Sparx enters renewable business building, mega-solar power plant

Sparx Group will build a mega- solar power plant in southern Japan as it expands beyond fund management to meet rising demand for renewable energy after the March 2011 nuclear disaster.

Sparx, with 449 billion yen ($5.7 billion) of assets, signed an agreement with a town in Kumamoto prefecture, in the southern Kyushu island, and Coretech, a Tokyo-based company providing alternative energy consulting business, today to build the plant, said Sparx Chief Executive Officer Shuhei Abe. The cost to build the plant, expected to start operating in October 2013, will be about 2.8 billion yen, Abe said.

Sparx is expanding into the alternative energy business as Abe tries to bring his company back to profitability by widening offerings beyond equity-related products. The Tokyo-based asset manager in June won a contract from the Tokyo Metropolitan Government to start an infrastructure fund that will invest in the nation’s renewable energy industry.

“This marks our first real investment into the renewable business and that is a significant step for us,” Abe said in an interview. “It is part of our overall effort to expand into the industry following the mandate from the Tokyo government.”

Japan introduced a so-called feed-in-tariff on July 1 under which solar power providers earn 42 yen a kilowatt-hour for the electricity they produce, three times the 13.65 yen charged to industrial and commercial users.
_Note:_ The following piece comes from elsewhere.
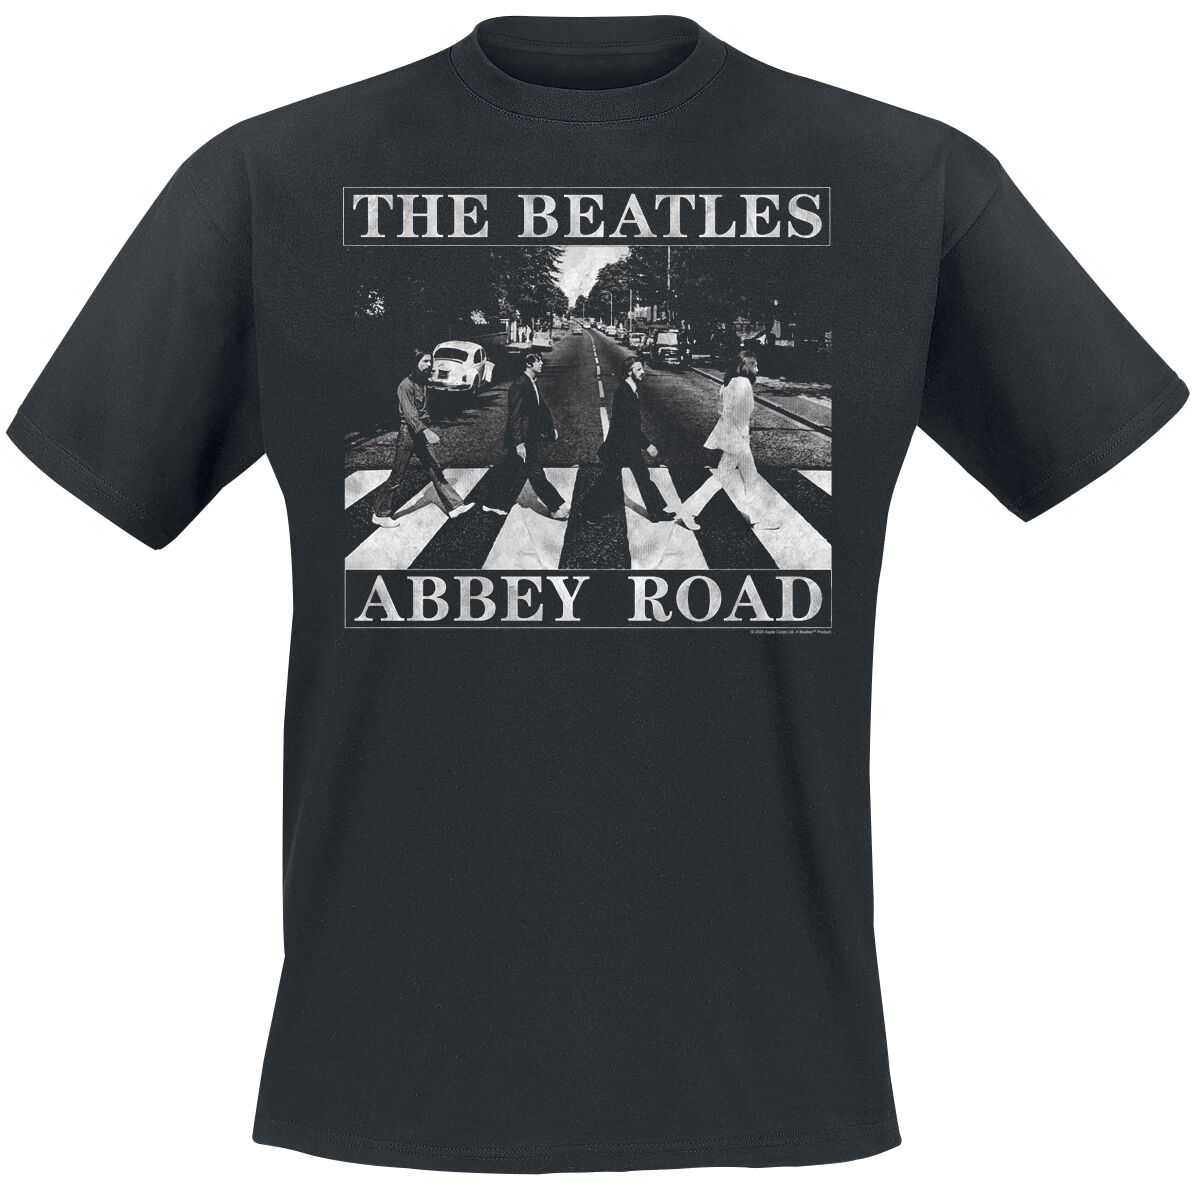 The Beatles T-Shirt - Abbey Road Distressed - S bis XXL - für Männer - Größe M - schwarz  - Lizenziertes Merchandise!

The preferential rate for commercial and utility-scale solar power lasts for 20 years.

Tokyo mandate

The plant, on about 9.5 hectares (23.5 acres) and generating 8,000 kilowatts, will be managed by a unit of Sparx dedicated to renewable businesses and will target about 8 percent to 10 percent return for investors, Abe said. Japanese households use an average 3 kilowatts of electricity, according to Tokyo Electric Power Co.

The fund run under Tokyo government’s mandate may eventually invest in the plant if the investment is deemed justifiable, he said. The Tokyo government’s infrastructure fund is currently preparing to raise money and is planning to start in late November, Abe said.

The Tokyo city government sought companies able to manage a public-private infrastructure fund dedicated to investing in the country’s power-supply business amid Japan’s efforts to cut dependence on atomic energy that provided about 30 percent of the nation’s power before the Fukushima nuclear meltdown in March 2011 after an earthquake.